- **TASK REQUIREMENTS**
All of the listing must be given again exactly, except that the images are dropped.

- **DATA BELOW**
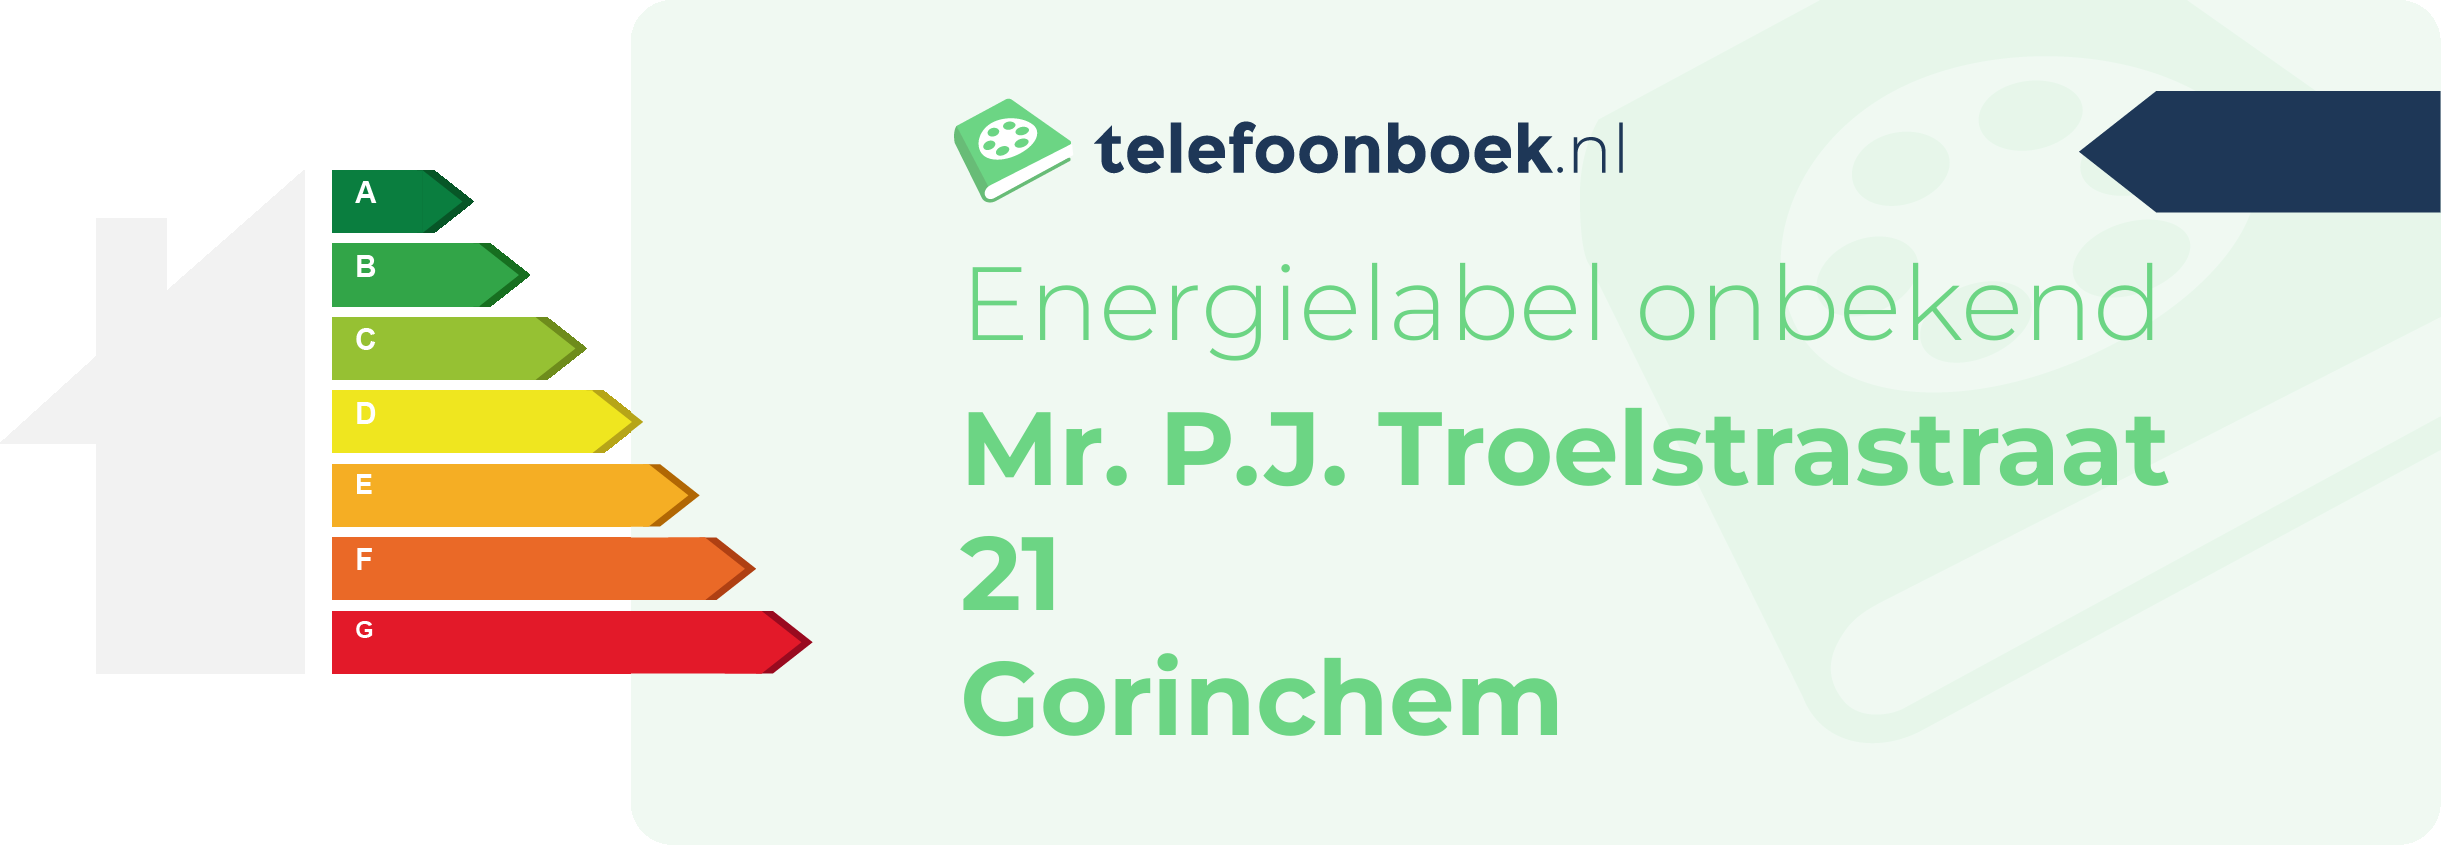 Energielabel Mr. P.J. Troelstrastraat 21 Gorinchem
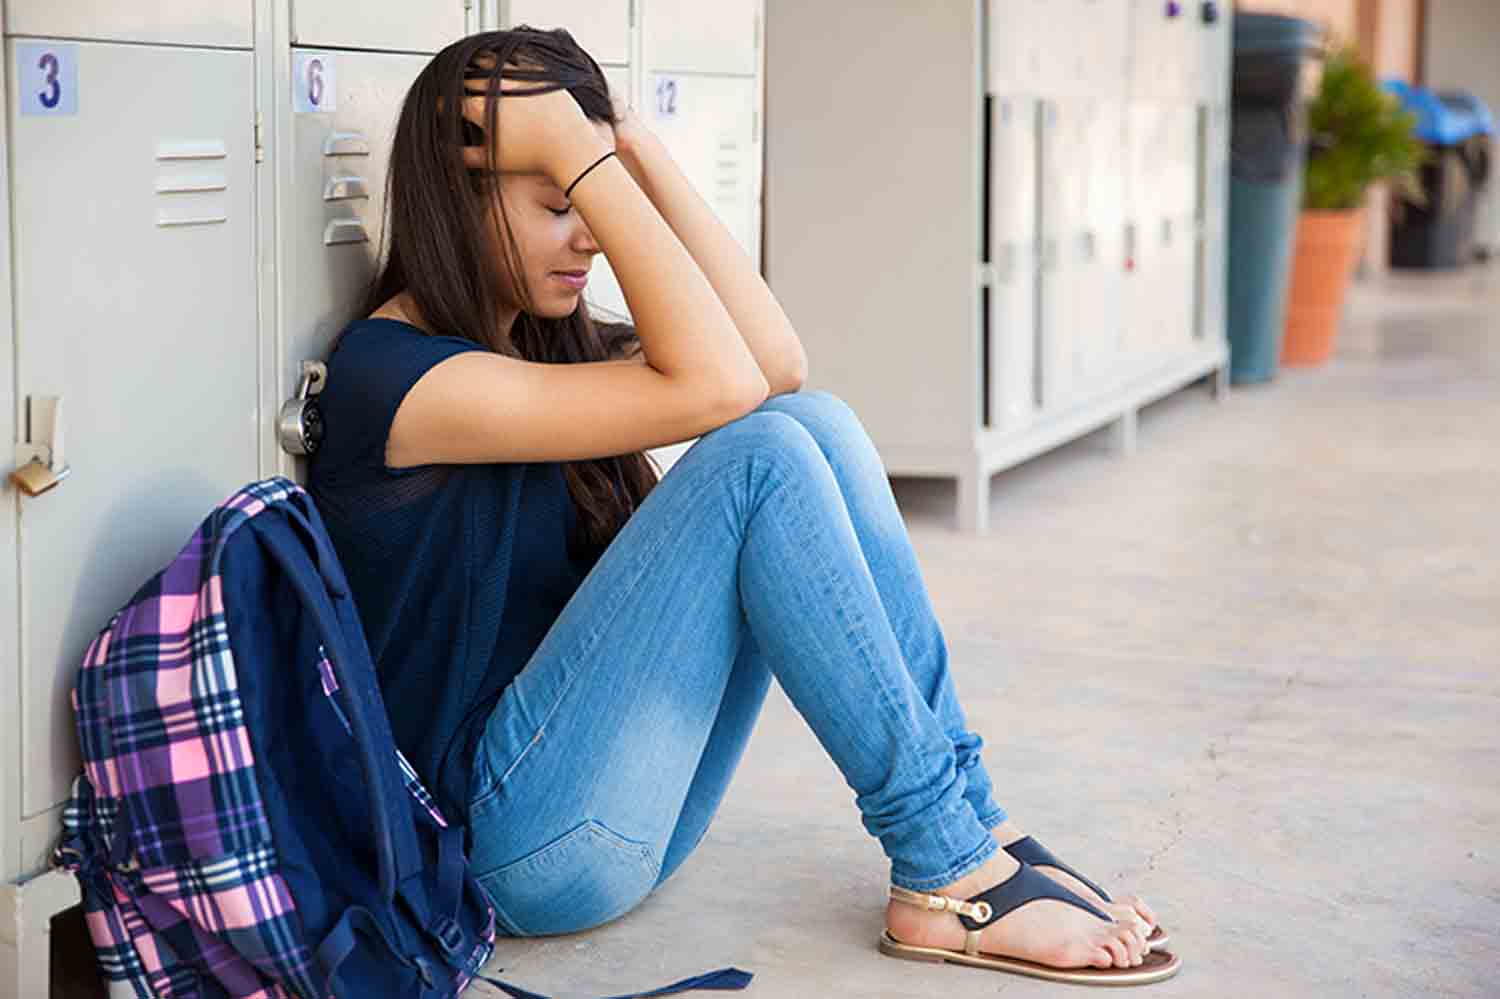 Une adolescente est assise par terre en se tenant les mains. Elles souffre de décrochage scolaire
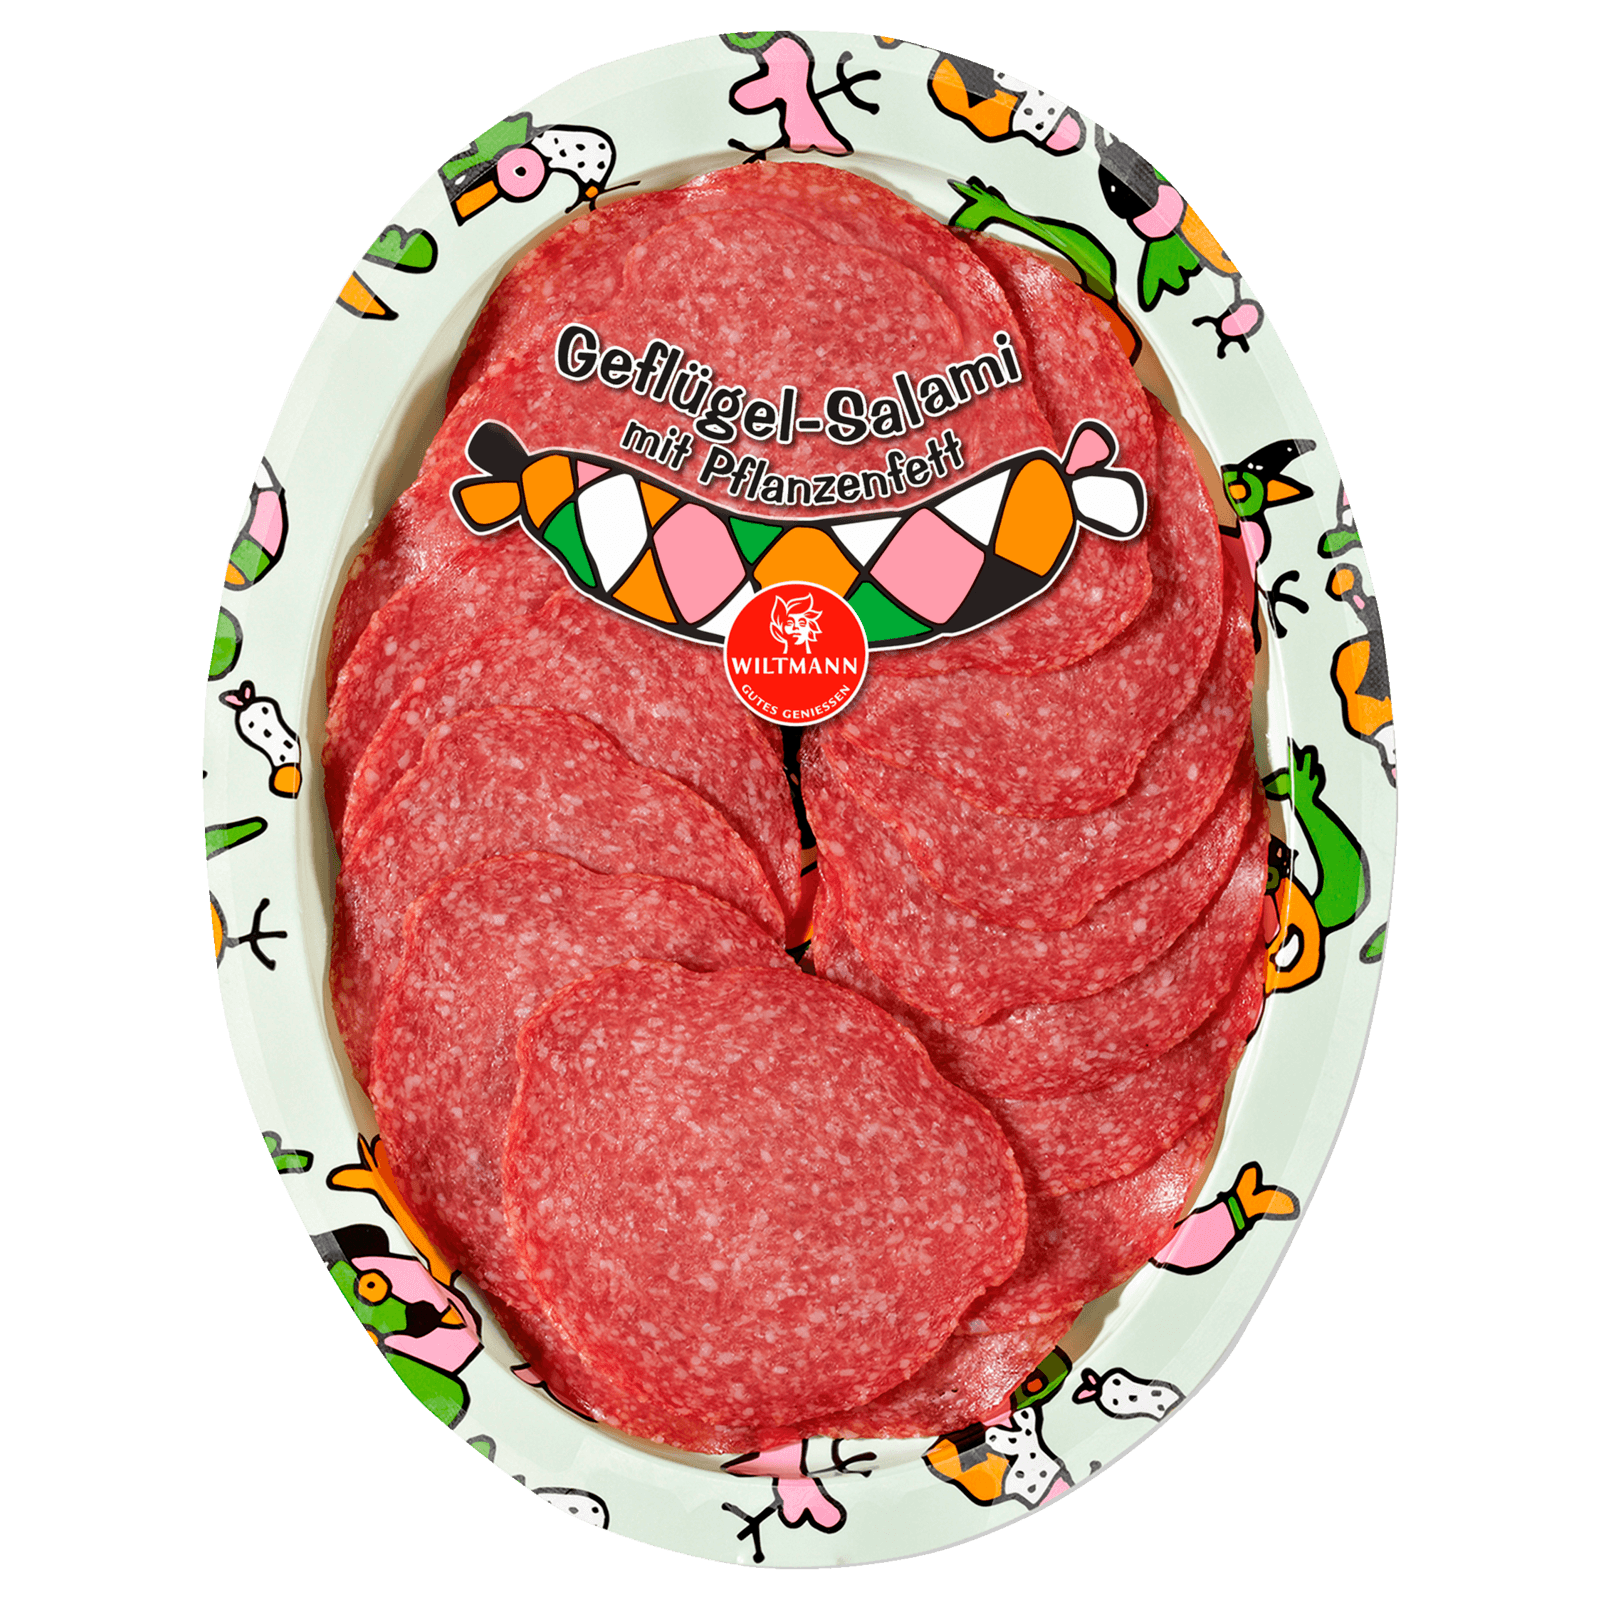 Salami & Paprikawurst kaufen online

- **SOLUTION FOR THIS TASK**
 Energielabel Mr. P.J. Troelstrastraat 21 Gorinchem
 Une adolescente est assise par terre en se tenant les mains. Elles souffre de décrochage scolaire
 Salami & Paprikawurst kaufen online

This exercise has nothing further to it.